ST. PIAT, or PIATON, a zealous priest, came from
Italy, being a native of Benevento, to preach the gospel in Gaul,
probably about the same time with St. Dionysius of Paris, and his
companions. Penetrating as far as Belgic Gaul, he converted to the
faith the country about Tournay, and was crowned with martyrdom, as
it seems, under the cruel governor Rictius Varus, about the year 286,
about the beginning of the reign of Maximian Herculeus, who then
marched into Gaul. His body was pierced by the persecutors with many
huge nails, such as were used in joining beams or rafters, and are de
scribed by Galloni and Mamachi among the instruments of torture used
by the Romans. St. Piat seems to have suffered torments at Tournay,
the capital, but to have finished his martyrdom at Seclin. This
martyr’s body was discovered in the seventh century at Seclin,
pierced with these nails, by St. Eligius of Noyon, as St. Owen
relates in his life of St. Eligius. He was before honored there, or
St. Eligius would not have sought his body in that place. It is
enshrined in the collegiate church which bears his name at Seclin, a
village between Lille and Tournay, the ancient capital of the small
territory called Medenentensis, now Melantois; and he is honored at
the apostle and patron of that country.
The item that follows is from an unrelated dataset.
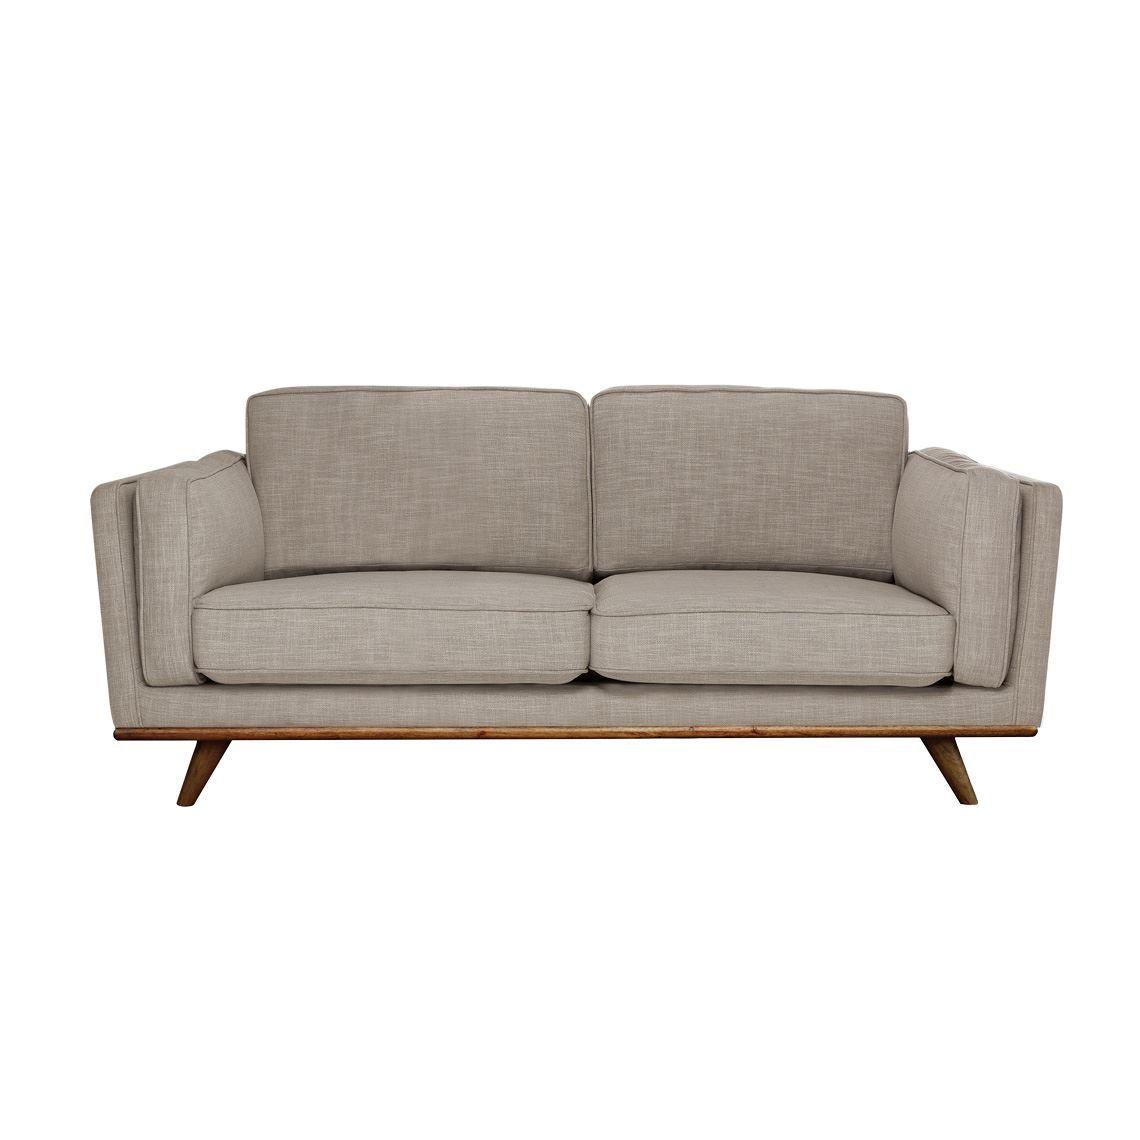 Dahlia 2 Seat Fabric Sofa Size W 166cm X D 93cm X H 80cm In Shell 90 Polyester 10 Linen Woven Freedom Fabric Sofa Elegant Sofa Sofa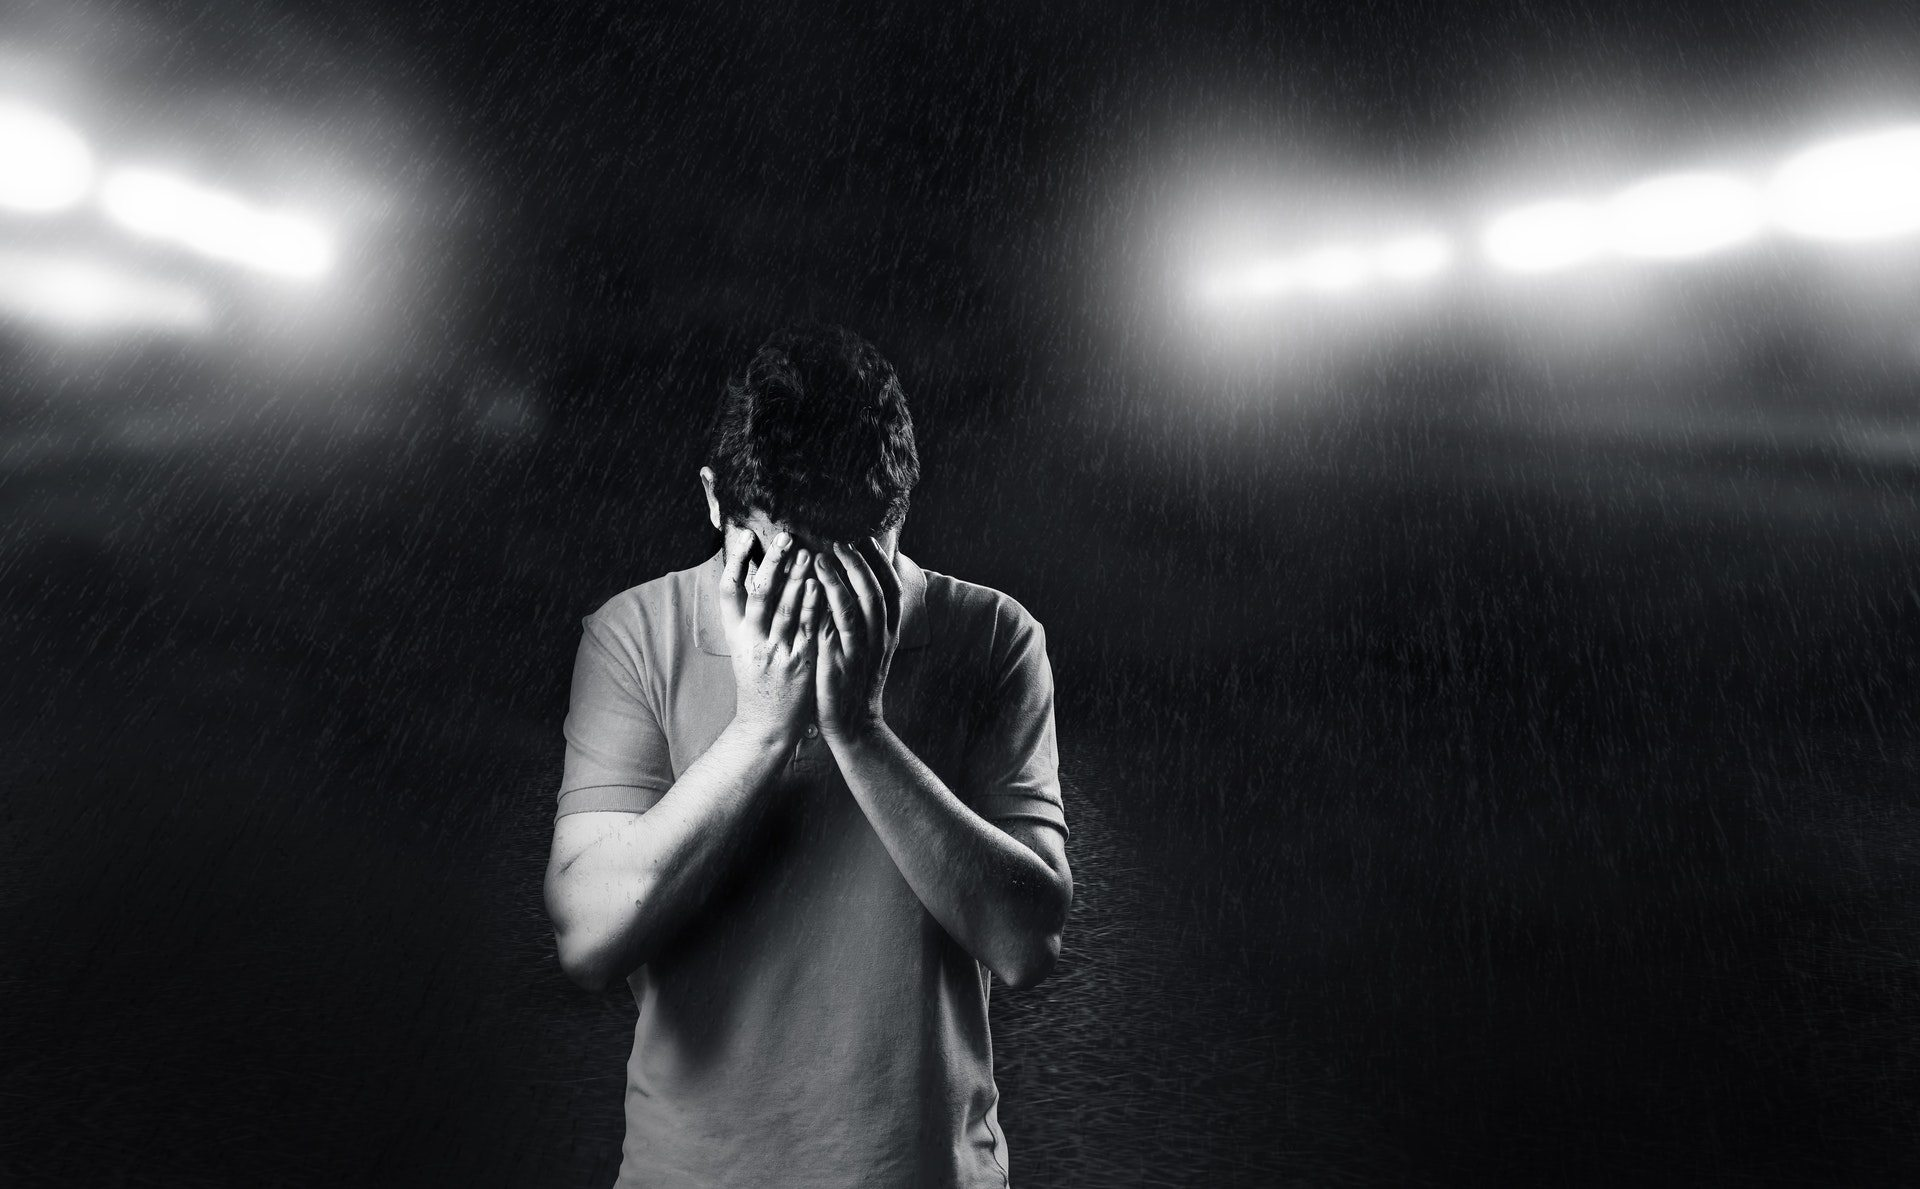 Sad Boy Alone In Rain Wallpaper Posted By Ryan Tremblay

In the invasions of the
Normans the relics of SS. Bavo, Wandrille, Aubert, Wulfran, Wasnulf,
Piat, Bainus Winnoc, and Austreberte were conveyed to St. Omer, and
there secured forty years, according to the chronicle of the Normans
in Duchesne, and 846. Those of St. Piat were in another invasion
conveyed to Chartres, and part still remains there in a collegiate
church of canons, which bears his name. Fulbert of Chartres has left
us a hymn in his honor. The body of St. Eubertus, or Eugenius, his
companion and fellow-martyr, is kept in the great collegiate church
of St. Peter at Lille, which was founded and richly endowed by
Baldwin of Lille, earl of Flanders, in 1066. See Tillemont, t. 14;
Molanus in Calend. Flandr. Stilting, t. 1, Octob. p. 1–26, who
gives his most ancient Acts, since interpolated in two editions. See
also Ado Usuard, Georgi, &c.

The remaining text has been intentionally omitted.